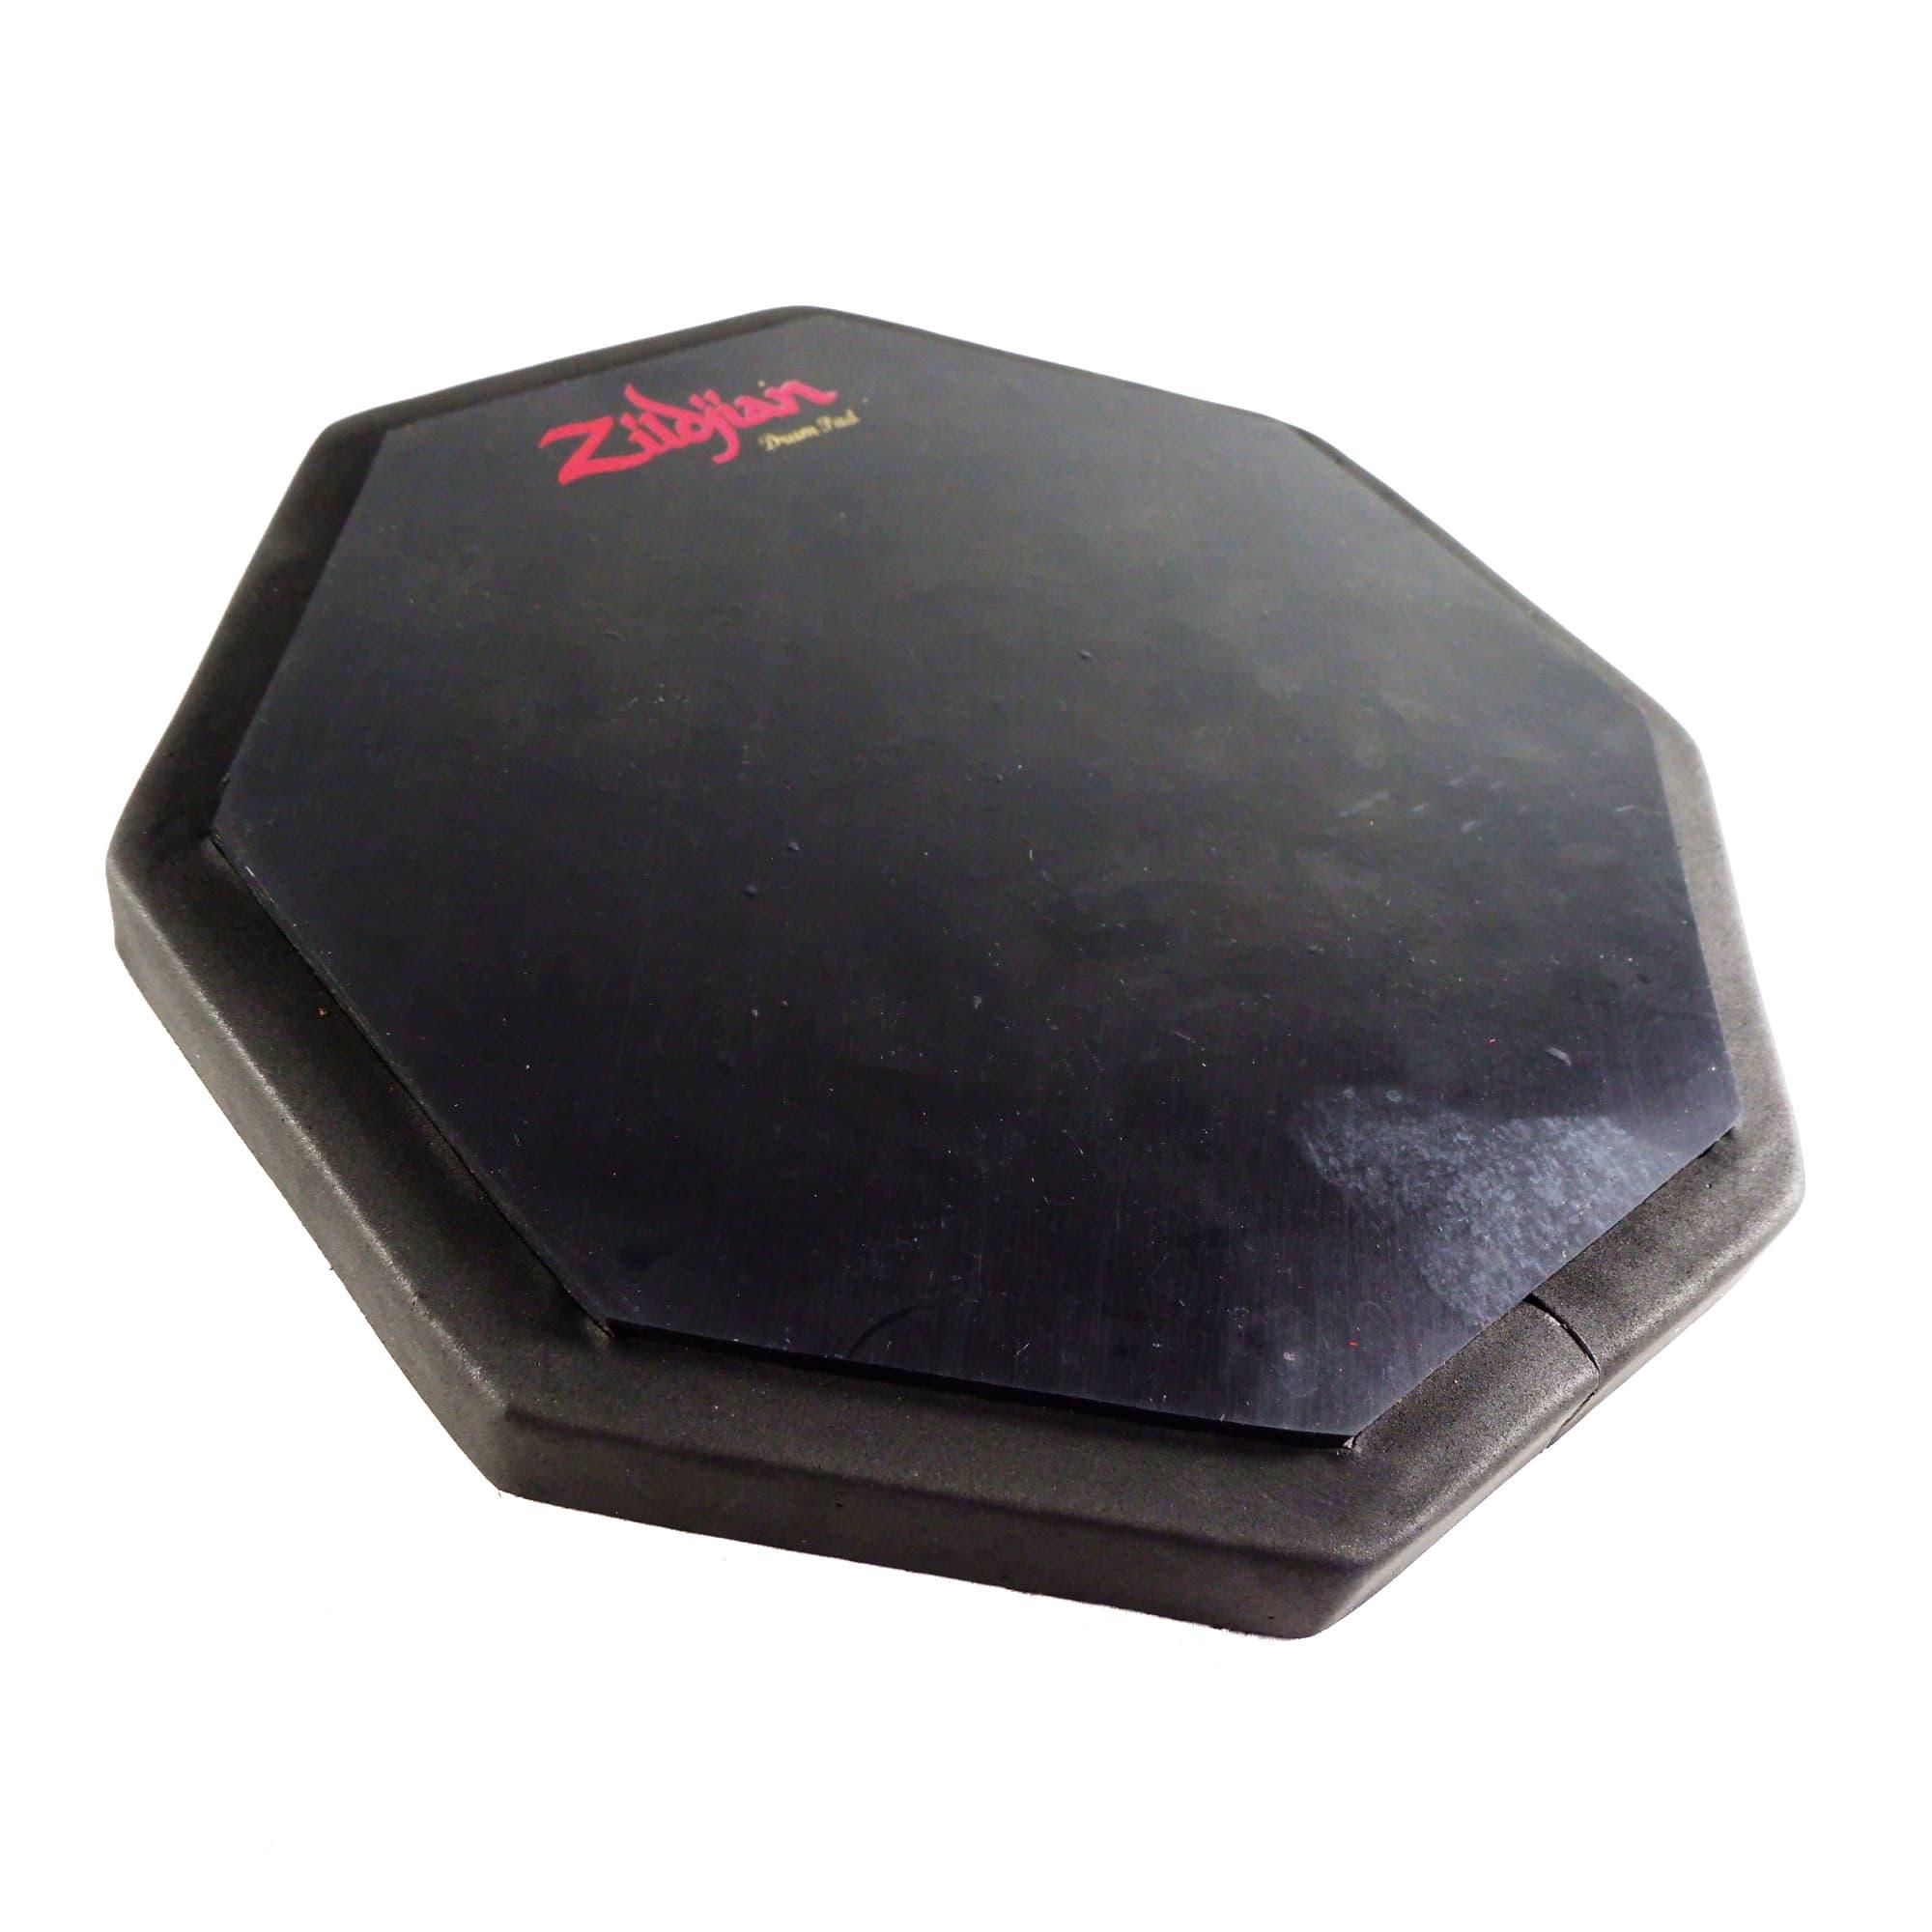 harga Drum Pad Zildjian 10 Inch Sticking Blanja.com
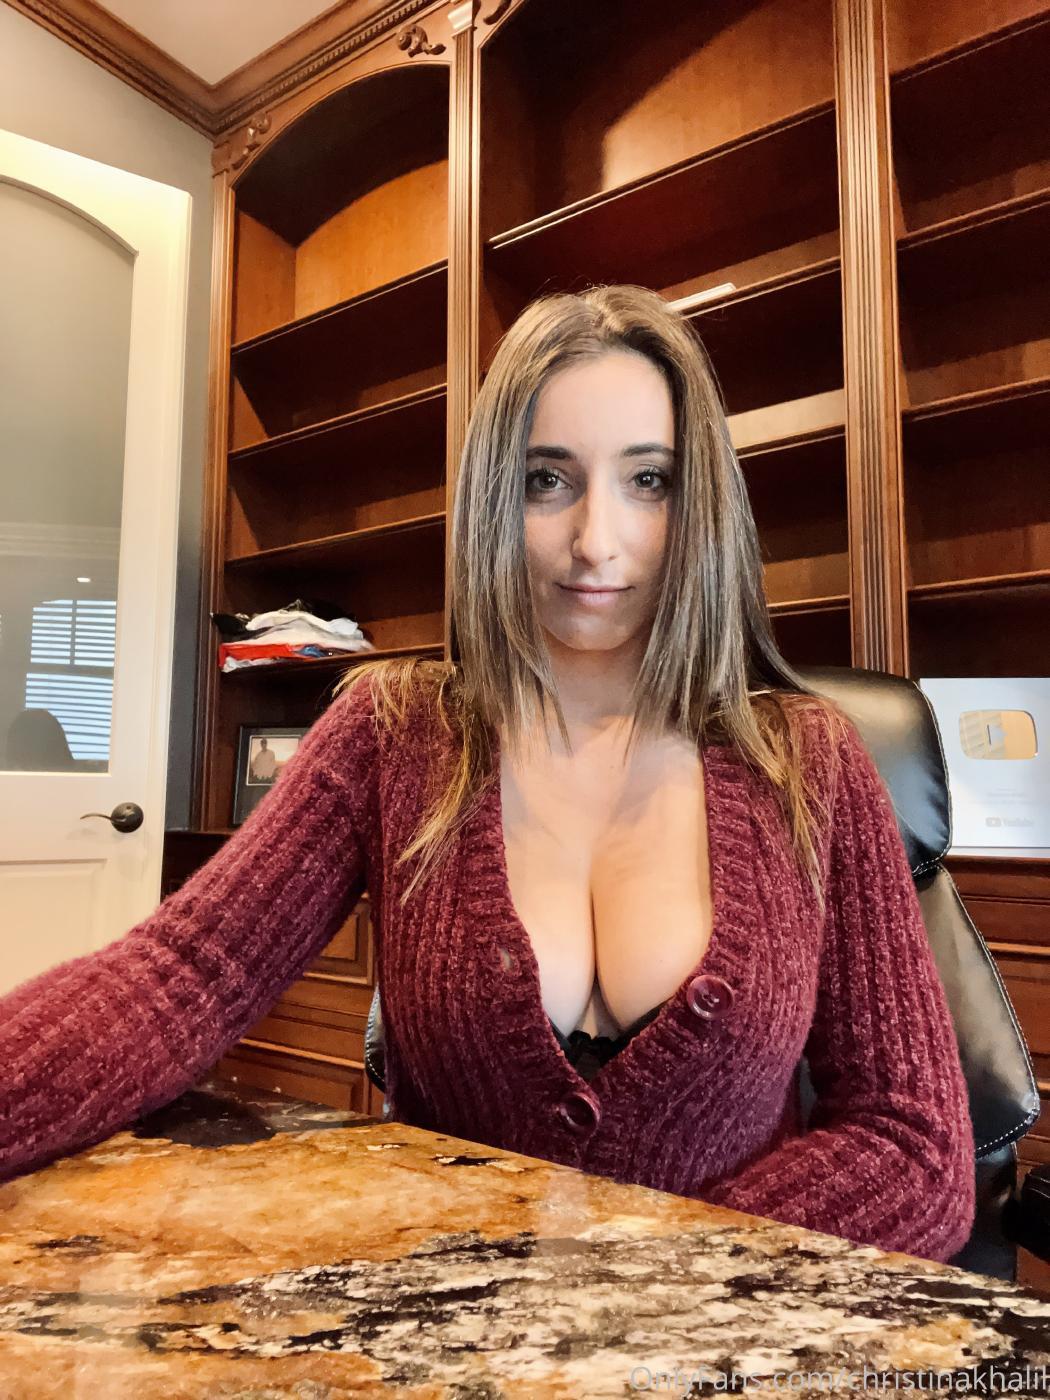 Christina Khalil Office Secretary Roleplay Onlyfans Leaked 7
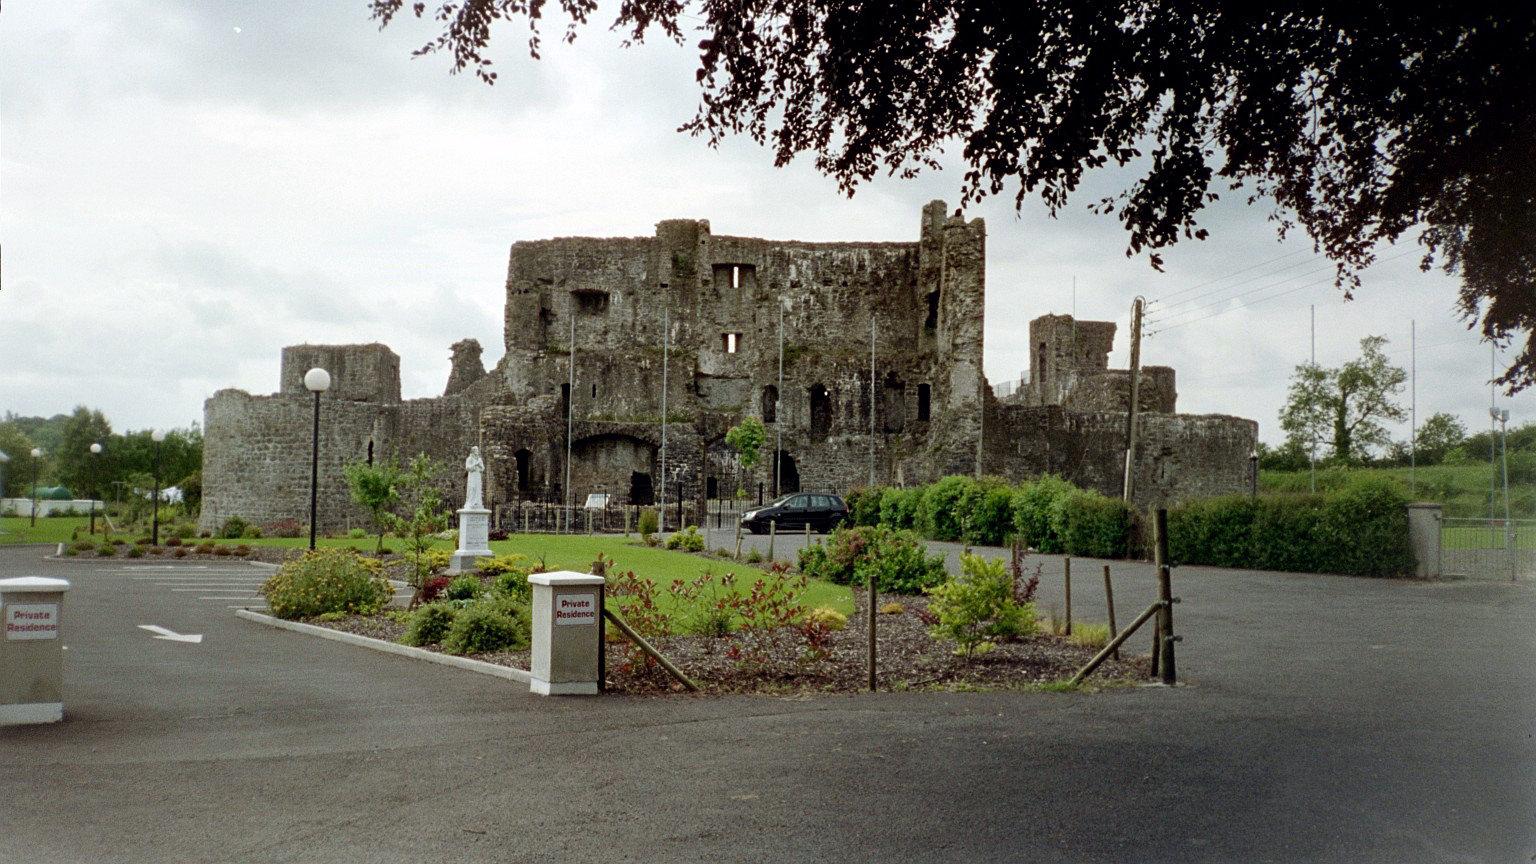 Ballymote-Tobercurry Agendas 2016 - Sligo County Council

(Problem requirements):
An exact copy of all the data above is required; omit any pictures.

(Written answer):
 harga Drum Pad Zildjian 10 Inch Sticking Blanja.com
 Christina Khalil Office Secretary Roleplay Onlyfans Leaked 7
 Ballymote-Tobercurry Agendas 2016 - Sligo County Council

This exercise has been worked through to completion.